Ему понравилась собственная решительность и наглость. Он упивался дерзостью своих чувств.
В голове Карла с новой силой засияло подобие электрической лампы, и он едва не задохнулся от прилива сил и уверенности. Мышцы ощущали необычайный тонус, на лбу выступили едва заметные бисеринки пота, в жилах начал пульсировать ток.
Карлу показалось, что дрогнул сам воздух, пробежав по деревьям порывом ветра. Захотелось зареветь в полный голос, задрав лицо к небу, как ревет самец крупного зверя перед началом брачного поединка. Шнайдер еле сдержался, однако что-то в нем все-таки изменилось, заставив всех посетителей зимнего сада во второй раз обратить внимание на вошедшего.
Джентльмен в котелке с удивлением вынырнул из задумчивости, эффектная брюнетка в вечернем платье уже не спускала с Карла широко распахнутых кукольных глаз, а студенты на лавочке внезапно умолкли, в растерянности забыв, кто о чем собирался рассказать. Серая мышка в шляпке с фиалками вздрогнула – Карл заметил это отчетливо. Она резко обернулась и глянула на него – в глазах читалась смесь страха с рвущимся изнутри желанием. Какой же возбуждающей была эта смесь! Как вкус крови для хищника.
Чтобы не зарычать и не броситься к женщине в ту же секунду, Карлу пришлось стиснуть в руке трость и напрячь всю волю. Но он знал, что перепуганная мышка не предпримет ни малейшей попытки сопротивления, даже если не вести ее в каюту, а сорвать с нее платье и разложить прямо здесь, на этой садовой лавочке.

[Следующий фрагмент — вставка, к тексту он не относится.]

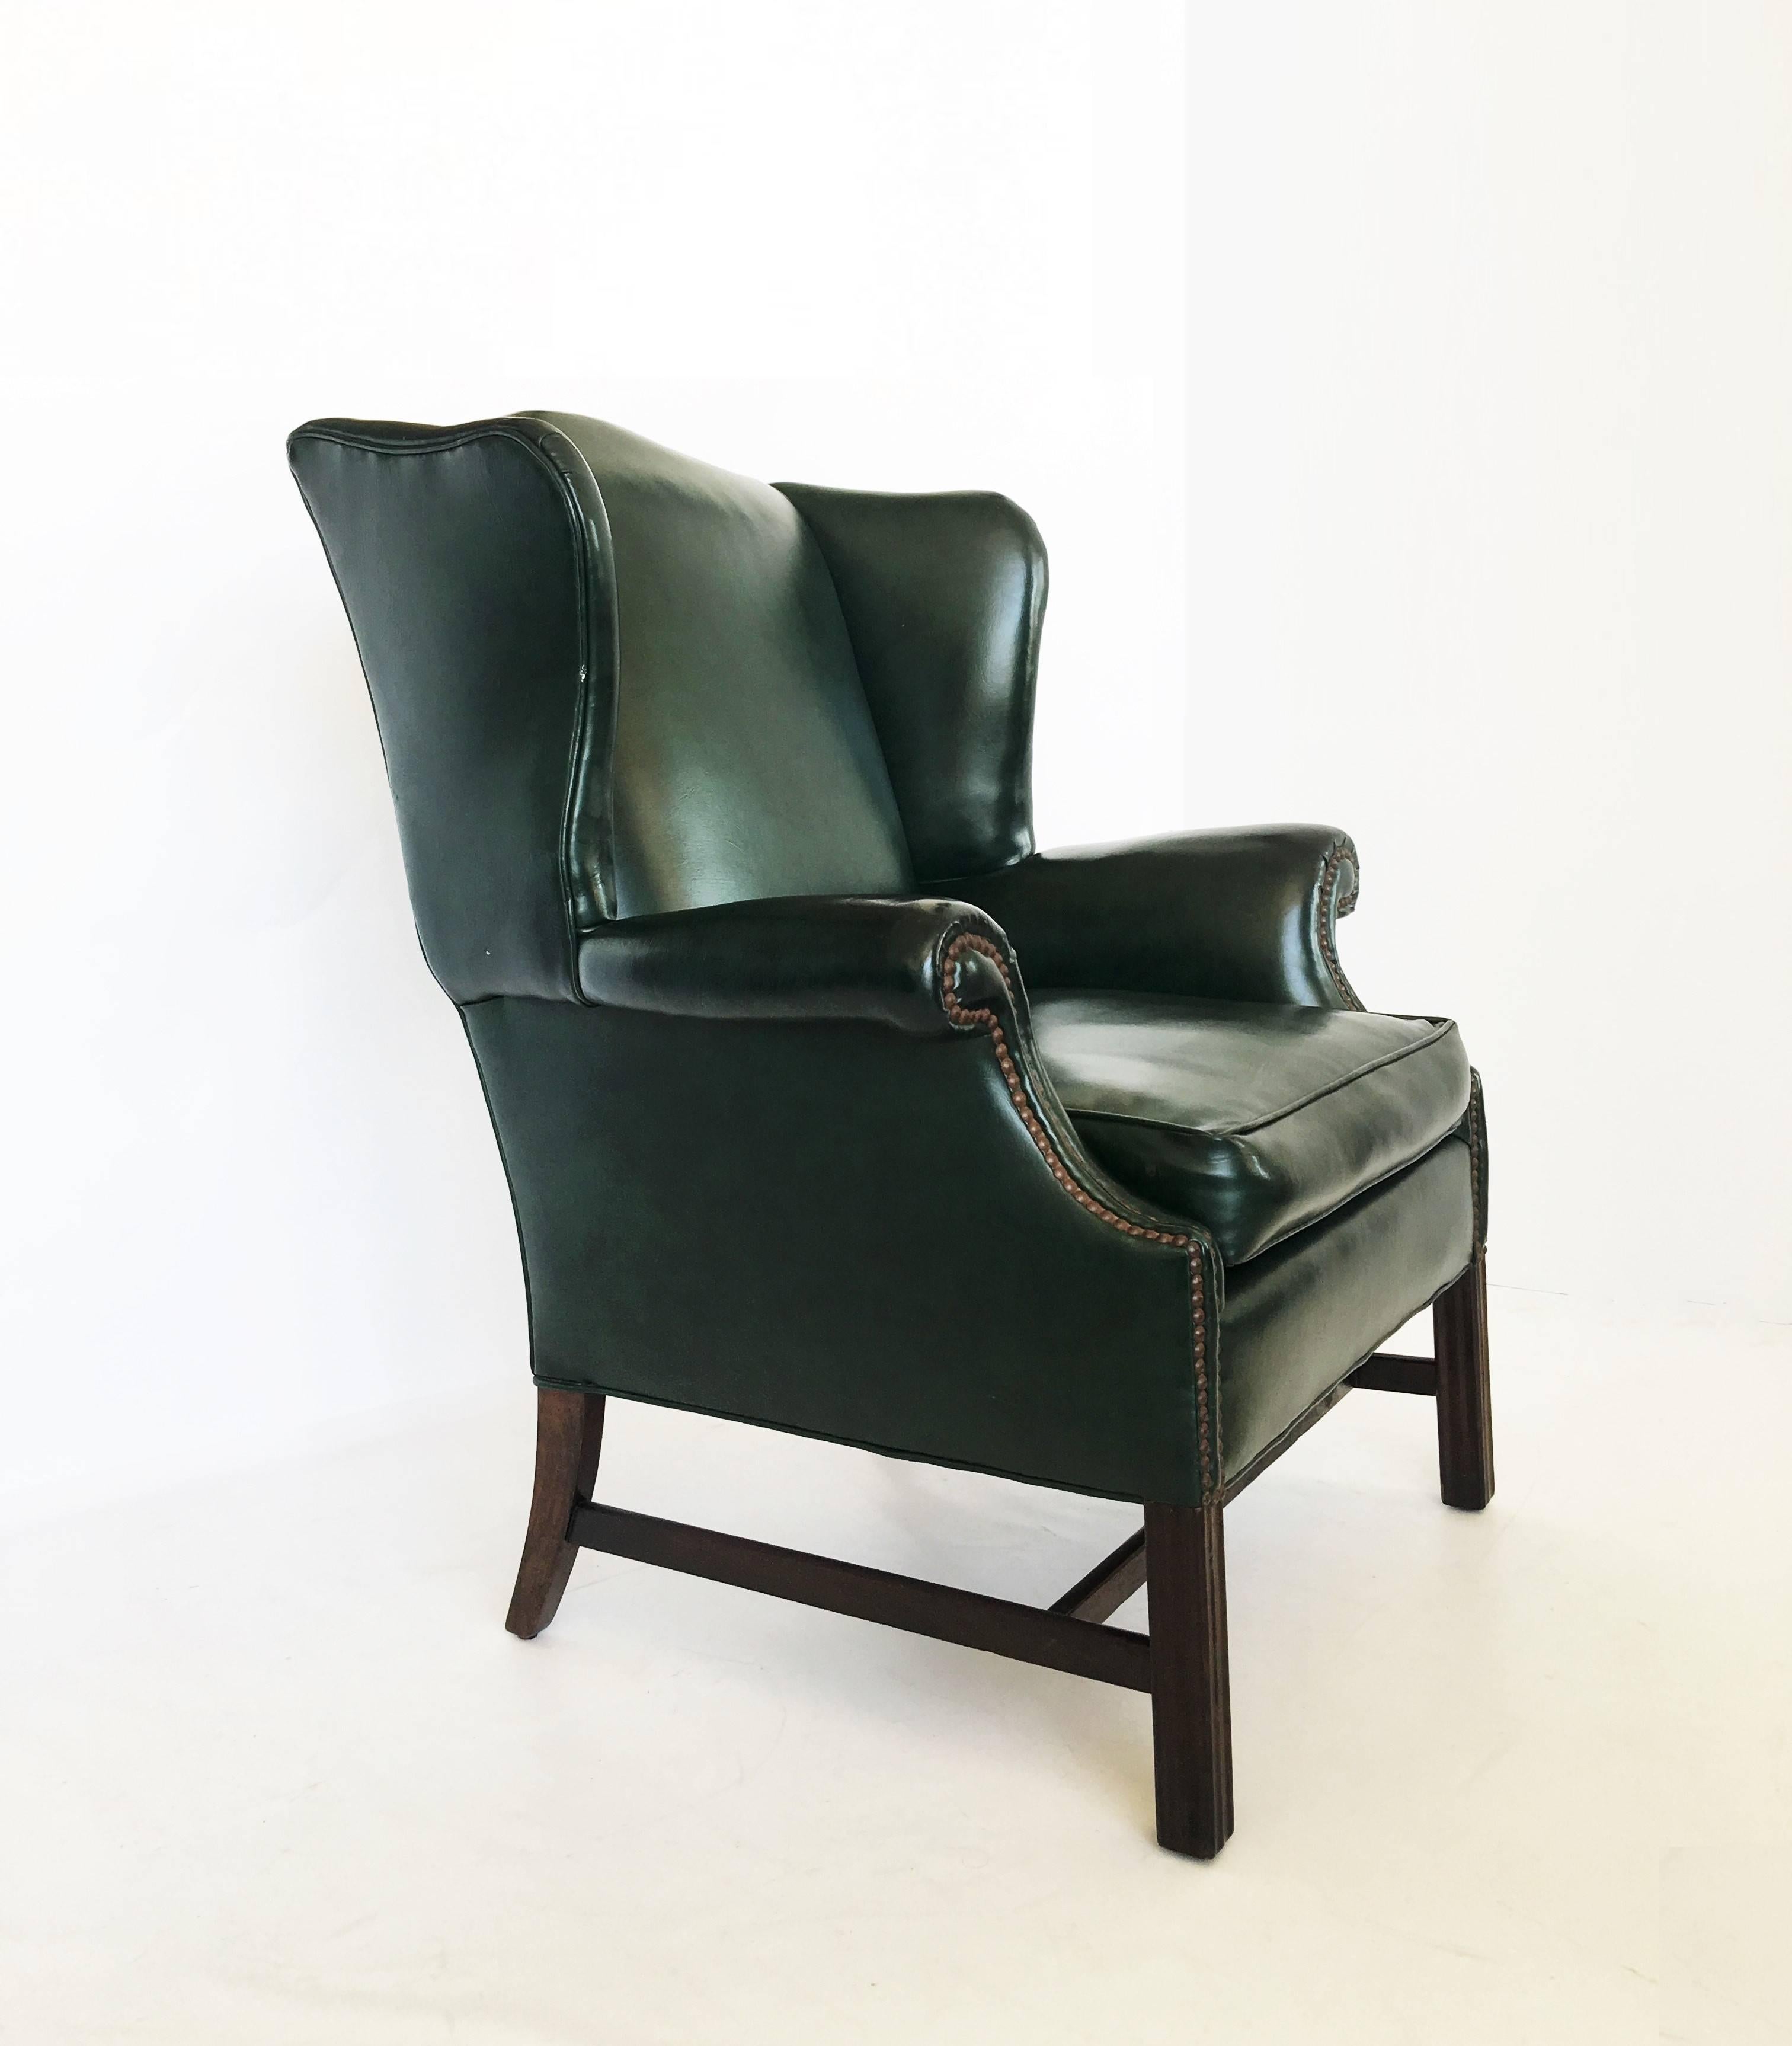 English Pair of Chesterfield Tufted Dark Green Leather Wingback Chairs For Sale

Уверенность в этом была настолько сильна, что Карл не удержался и сделал первый шаг в полной тишине – даже птицы на деревьях умолкли. Ему захотелось проверить. Ему хотелось знать, посмеет ли кто-нибудь выступить против него, против его непонятно откуда взявшейся силы.
Поигрывая тростью, он неспешно направился вдоль аллеи. Каждый шаг по палубе отдавался шорохом эха под крышей. Каждый шаг усиливал страх и покорность во взгляде девушки. Карл смотрел на нее. Он ее выбрал. Он уже точно знал, что сейчас подойдет, толкнет ее на скамейку и сорвет платье. Прямо здесь, прямо у всех на глазах. И никто, ни одна живая душа не посмеет одернуть его. Ни джентльмен в котелке, ни студенты, ни тем более брюнетка с книжкой. Все они покинут зимний сад и не сообщат никому. Так будет.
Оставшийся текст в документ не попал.